Sam and I

by Paul Gottfried by Paul Gottfried

My comments regarding Sam Francis and his review of my book have occasioned such a flood of responses that it might be helpful to offer these clarifications. Nowhere did I say that Dr. Francis had it coming when the Washington Times fired him, as a prize-winning columnist, for not sounding nice enough to designated minorities. At that time I defended Dr. Francis against his detractors and took up the cudgels recently against one of them, the garrulous sixties-liberal posing as a conservative, Linda Chavez, when Chavez was being considered for Secretary of Labor.

Sam also took my side, no less resolutely, when the neocon cabal went after me at Catholic University of America. Needless to say, I would have expected no less from this close friend and political ally. Because we now disagree about my book does not change our relation. Nor will this disagreement have the effect of making Sam’s enemies, who are equally mine, reassess their hatred of me — or cause the useful idiots who serve the neocons to treat either of us with respect.

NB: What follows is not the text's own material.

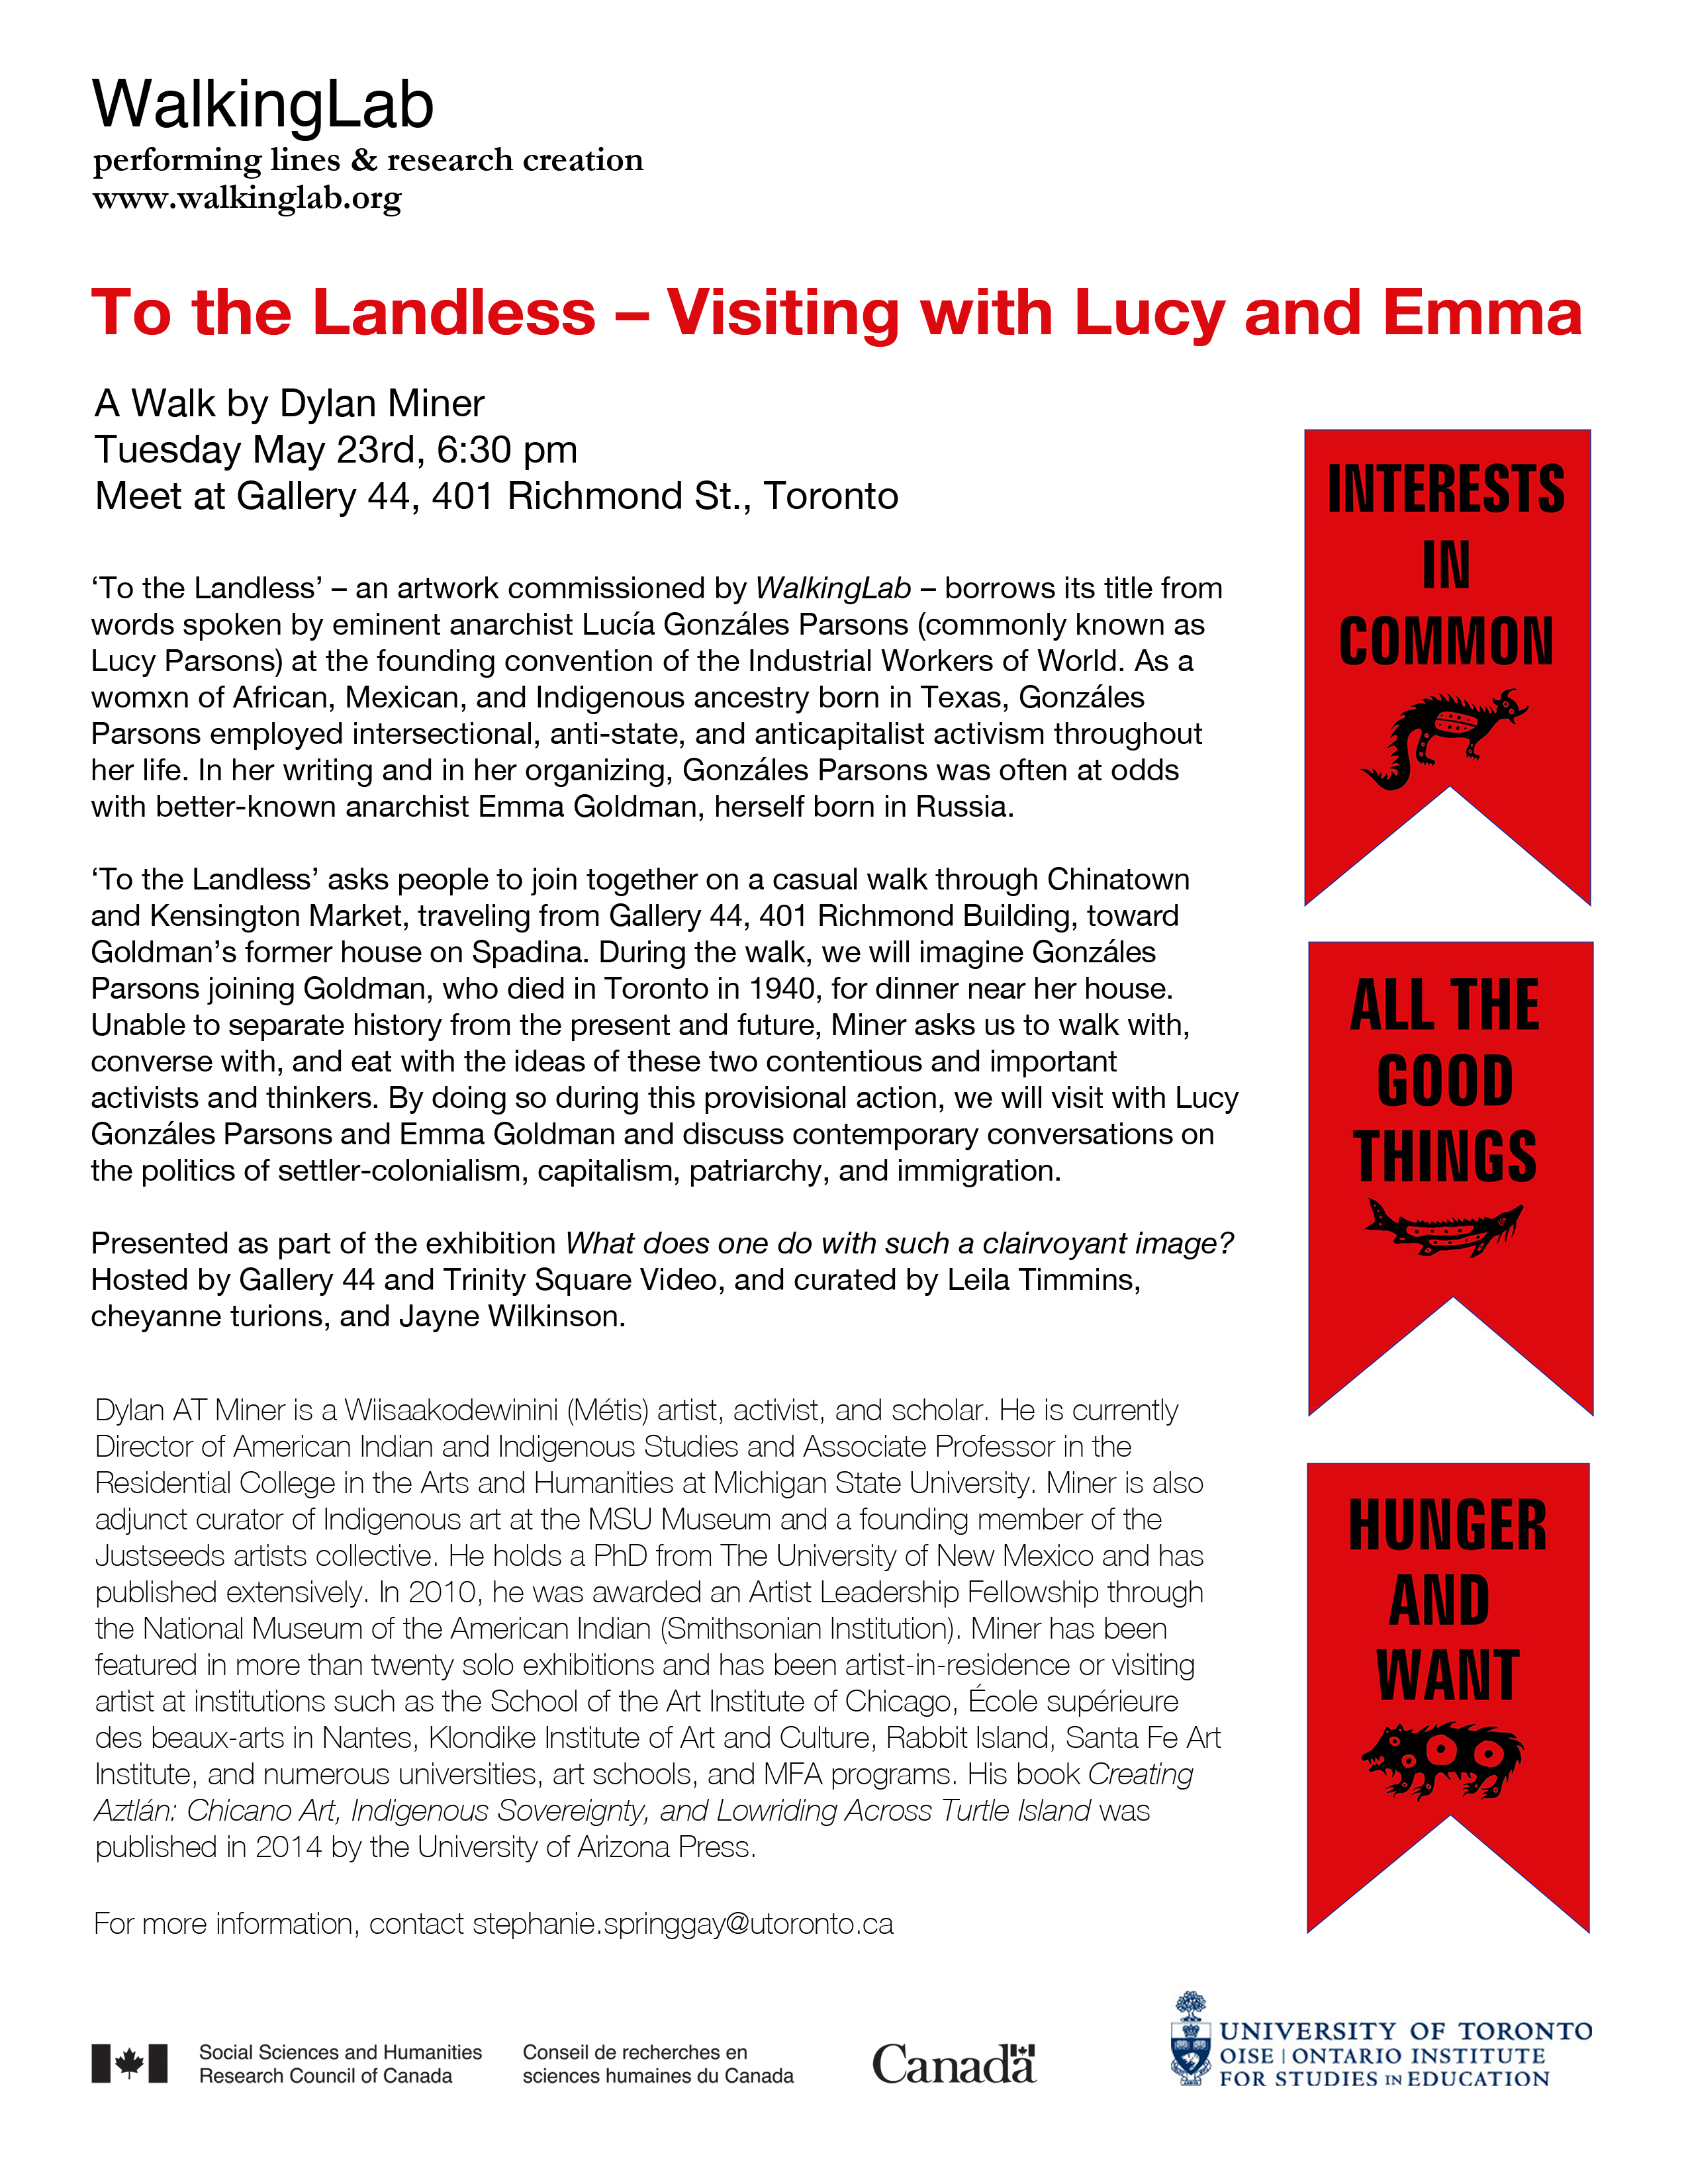 EVENT: To the Landless (A walk with Dylan Miner)

What my comments were intended to underline was a sharp difference in our perspectives about democracy, the state, and the role of minorities within the majority culture. Underlying our divergent opinions about these subjects are our differing views about the modern administrative state and its determinative power over society. For me, public administration and mass democracy, as they now exist in the Western world, sap the capacity for self-government. Administered democracy eats away at more than the constitutionalism that it lands up undermining. It strips the populace of any desire or ability to rule their lives. Moreover, not all members of the presumed managerial class swing equally large clubs. Corporate executives operate at the mercy of government and the media priesthood; and it is questionable whether even big businessmen can be described in terms of their exercise of power as being as significant as affirmative action officials or anti-trust investigators assigned to the EEOC or Justice Department.

With due respect to Burnham writing in 1940 as a quasi-Marxist, business and corporate moguls play a decidedly secondary role in the managerial order. They provide the funding and consumer products that allow the managerial state to pay off the populace with social programs and to keep them materially satisfied. They also serve as objects of fury when the economy takes a nosedive. That the government does favors for some of "big business" by punishing their competitors, by handing out defense contracts, or by not taxing corporations harshly enough to please intellectuals, does not change the nature of the power relation. Also Sam and I differ in our views about whether multiculturalism can be characterized as a rational ruling strategy: he thinks it can while I think differently. And we obviously hold opposed views about whether the majority Christian population has succumbed to its own politics of guilt — or whether well-placed minorities have caused it to stumble into confusion.